→ **ENTRIES PROVIDED**
....

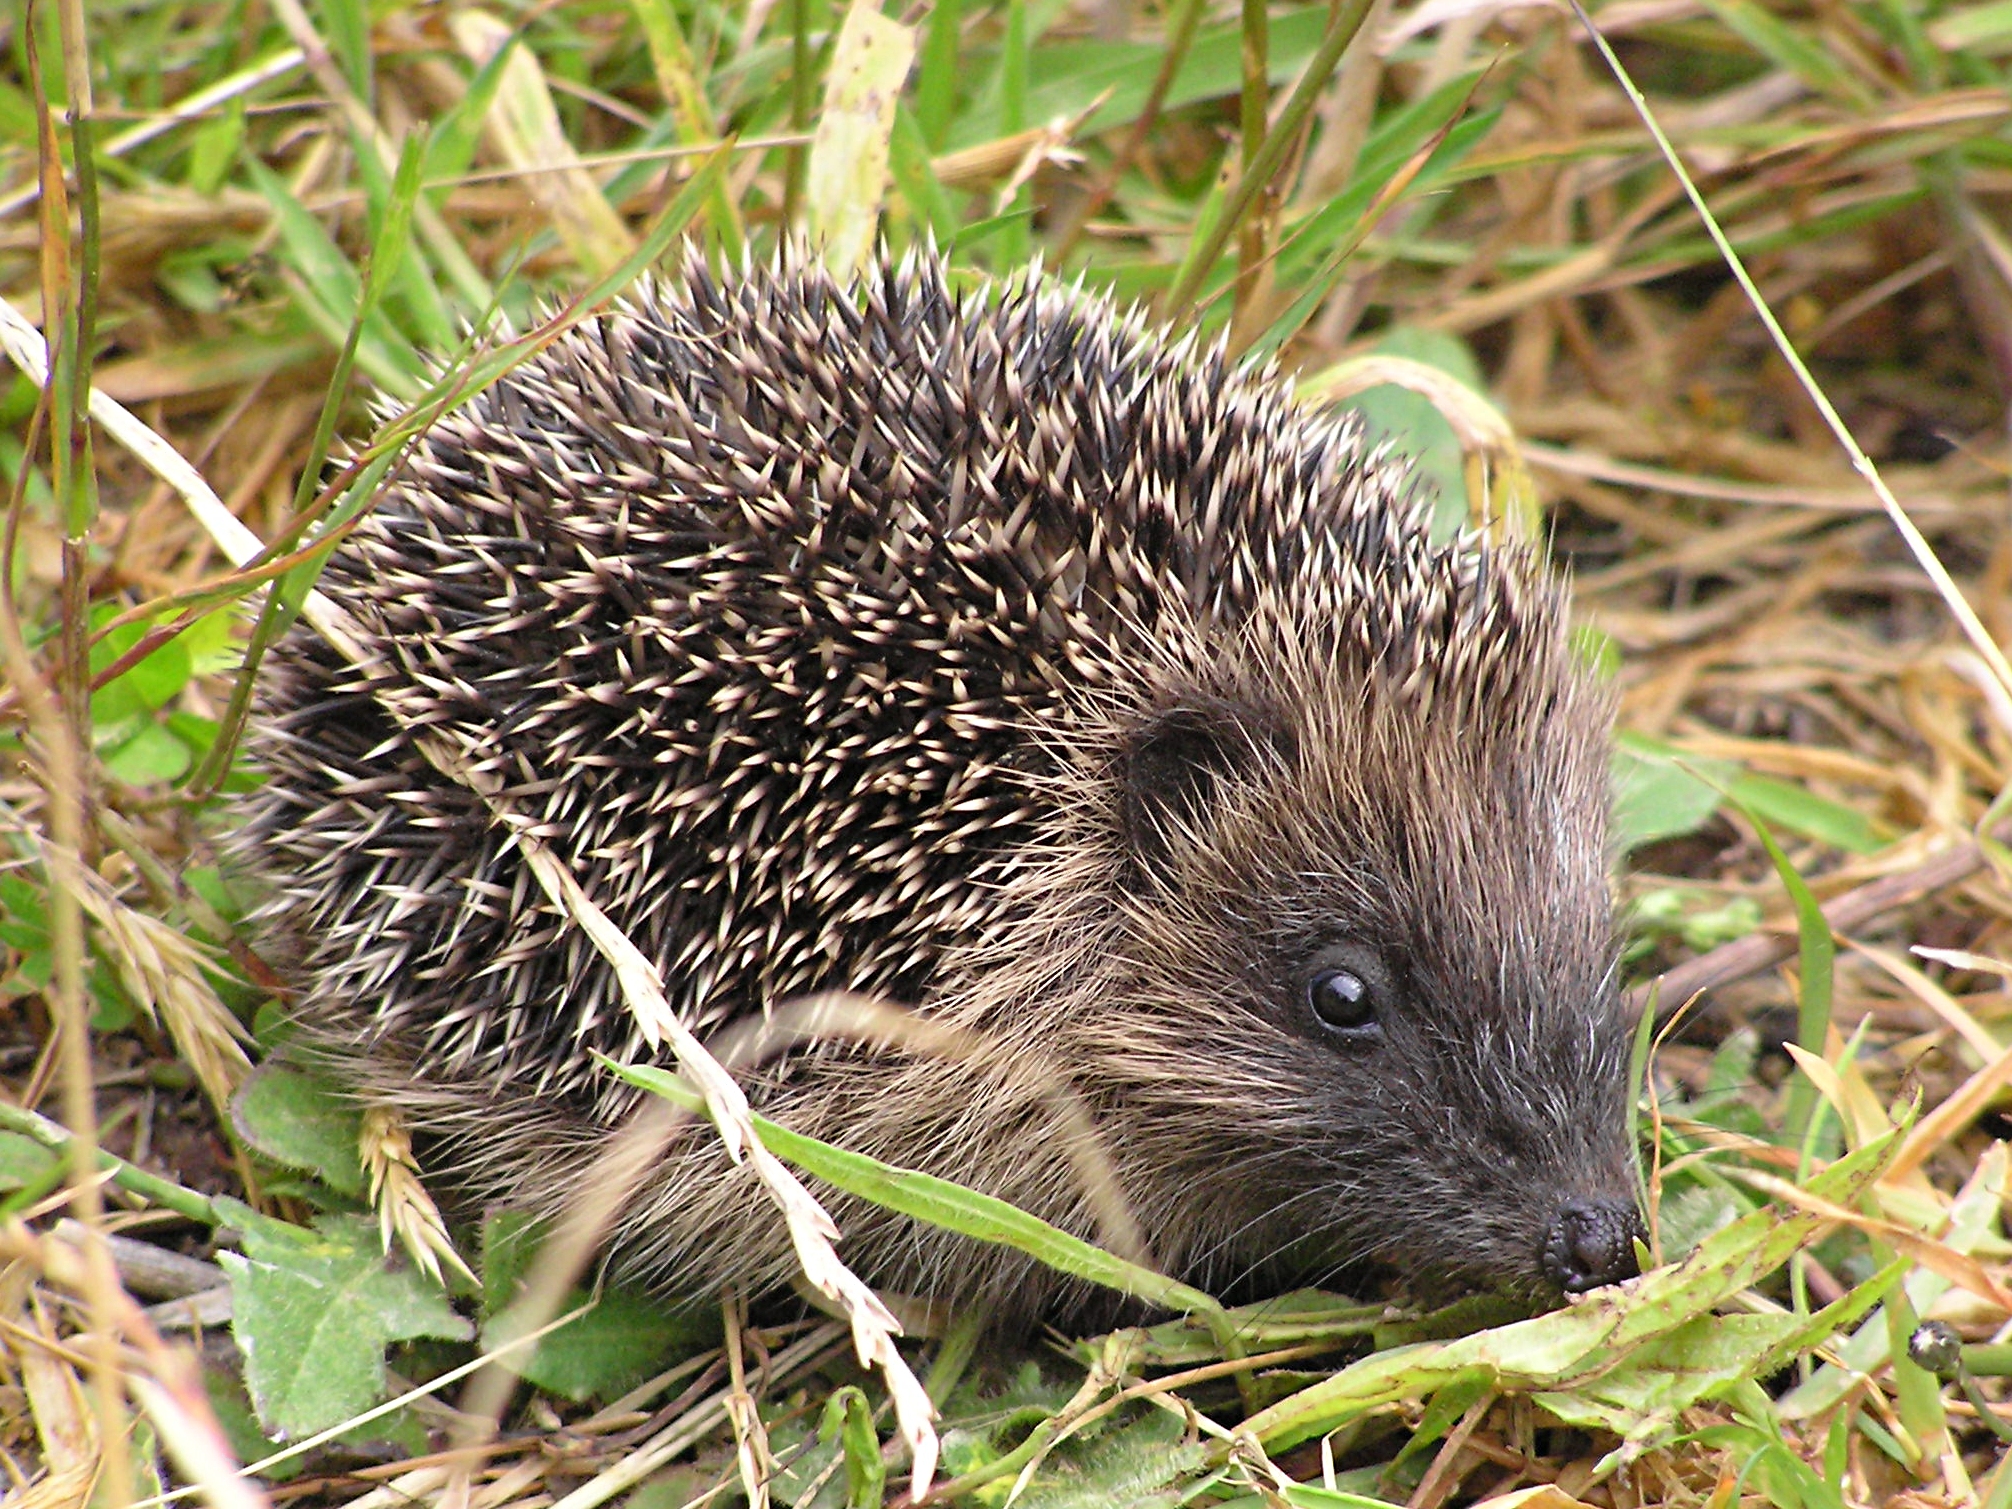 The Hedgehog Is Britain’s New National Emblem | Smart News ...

....

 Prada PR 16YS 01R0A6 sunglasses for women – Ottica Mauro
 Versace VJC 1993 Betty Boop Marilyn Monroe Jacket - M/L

....

→ **WHAT THE TASK ASKS**
What do the lines above say from the one containing "Prada PR 16YS" down to the one containing "Versace VJC 1993"? Return them exactly, both end lines included, and only them.

→ **ANSWER SPACE**
 Prada PR 16YS 01R0A6 sunglasses for women – Ottica Mauro
 Versace VJC 1993 Betty Boop Marilyn Monroe Jacket - M/L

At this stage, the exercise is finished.